Refine the parameters of local patches

First, we reconstruct the object V based on the projections and their current parameters. Then, we optimize the pitch angle, in-plane rotation and translation for each projection one by one. Because the cross-correlation of stretched images can produce a result within a few pixel deviations, For a projection, we will first search the pitch angle in a grid way within a small interval (Zampighi et al., 2005), and then get a suitable optimized value of translation and in-plane rotation. Then, we further refine the parameters based on a gradient descent optimization. We iterate the refinement of projection parameters and the reconstruction of 3D volume until the residual in Equation (6) converges. Algorithm 2 gives a detailed description of the process.

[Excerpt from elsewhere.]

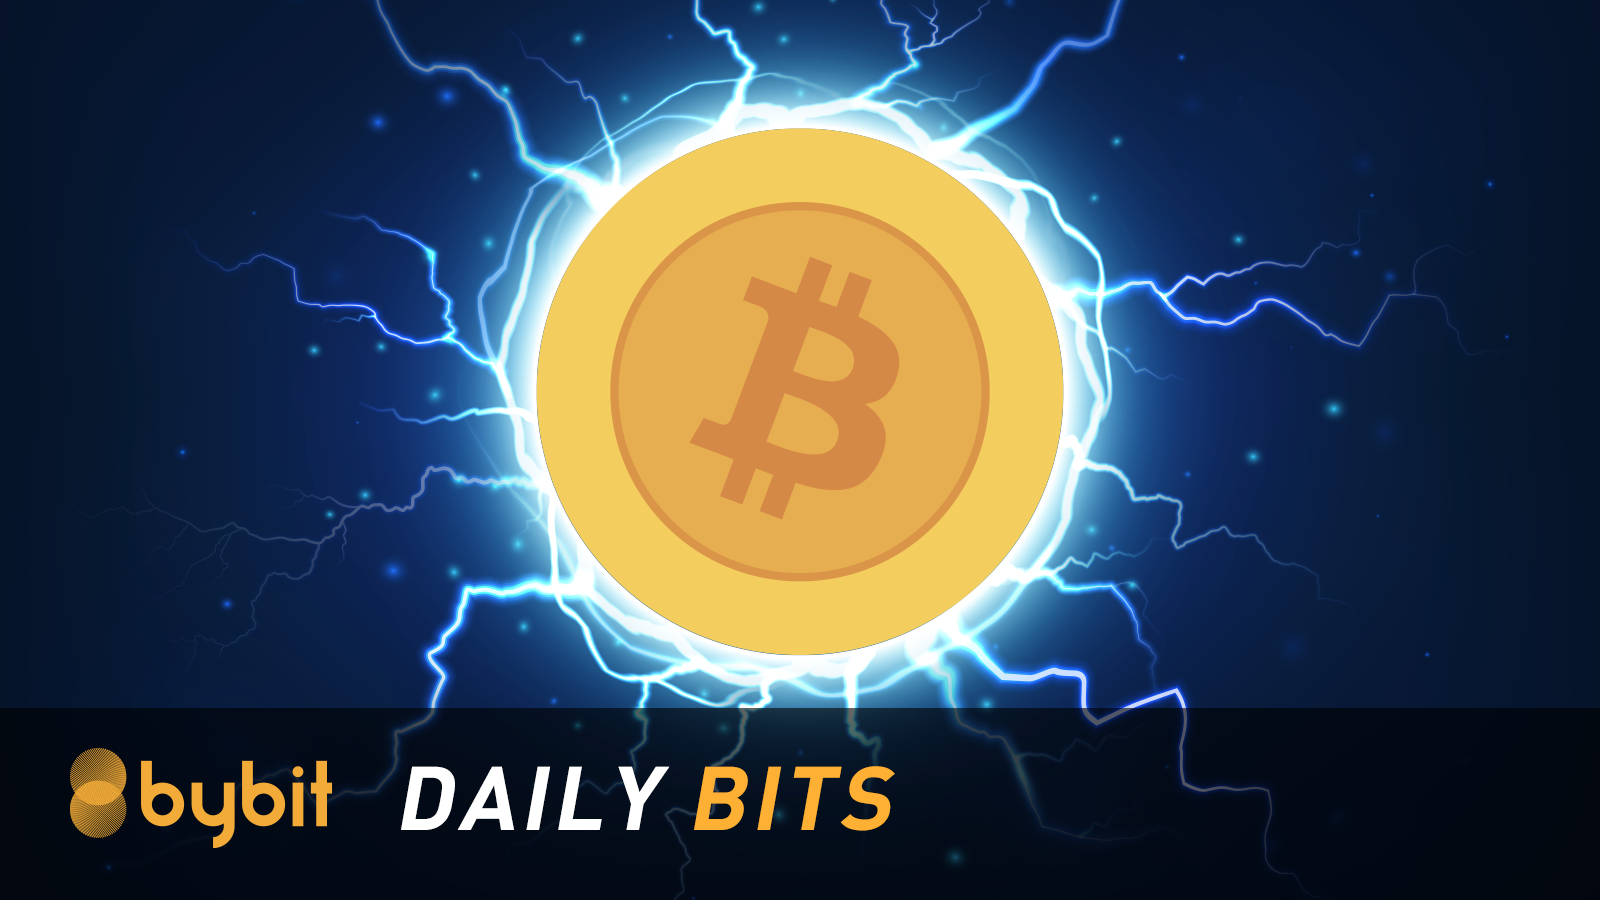 Daily Bits - Lightning network

3.3.2. Production of reprojection–invariant landmarks

Once the projection parameters for the local tilt series have been solved, it is very easy to find the new center (i.e. the projection point of O) of each local patches in the projection system. Because the local patches closely represent their corresponding 3D ultrastructure, the original point of the local 3D projection system will locate inside the ultrastructure. Consequently, the projections of the original point in the 3D projection system reflect the position change of the interested ultrastructure under different tilt angles. According to the proof in Section 2.1, for a tilt series of local patches, its jth projection’s center point is ${\mathit{t}}_j$. By substituting the ${\mathit{t}}_j$ back to the location of each extracted local patch, we could obtain the refined localization of the interested ultrastructure in the original tilt series, as shown in Figure 4. Compared with the location of landmarks extracted from the view-to-view relationship, here, we thus call these landmarks ‘the reprojection–invariant landmark’.

Fig. 4.

The relocation of the refined original points from local patches to the entire tilt series

3.4 Projection parameter optimization

3.4.1. Bundle adjustment with virtual tracks

With enough tracks of reprojection–invariant landmarks, it is not difficult to discover the global projection parameters. Given a tilt series with N projections, for the ith projection, its projection parameters can be estimated from the optimization of the following L-2 norm objective function:

$$\underset{\{s_j,{\alpha }_j,{\beta }_j,{\gamma }_j,{\mathit{t}}_j\}}{\text{argmin}}\sum _i\sum _j{\left({\text{Proj}}_j\left({\mathit{X}}_i\right)-{\mathit{x}}_{i,j}\right)}^2,$$ (7)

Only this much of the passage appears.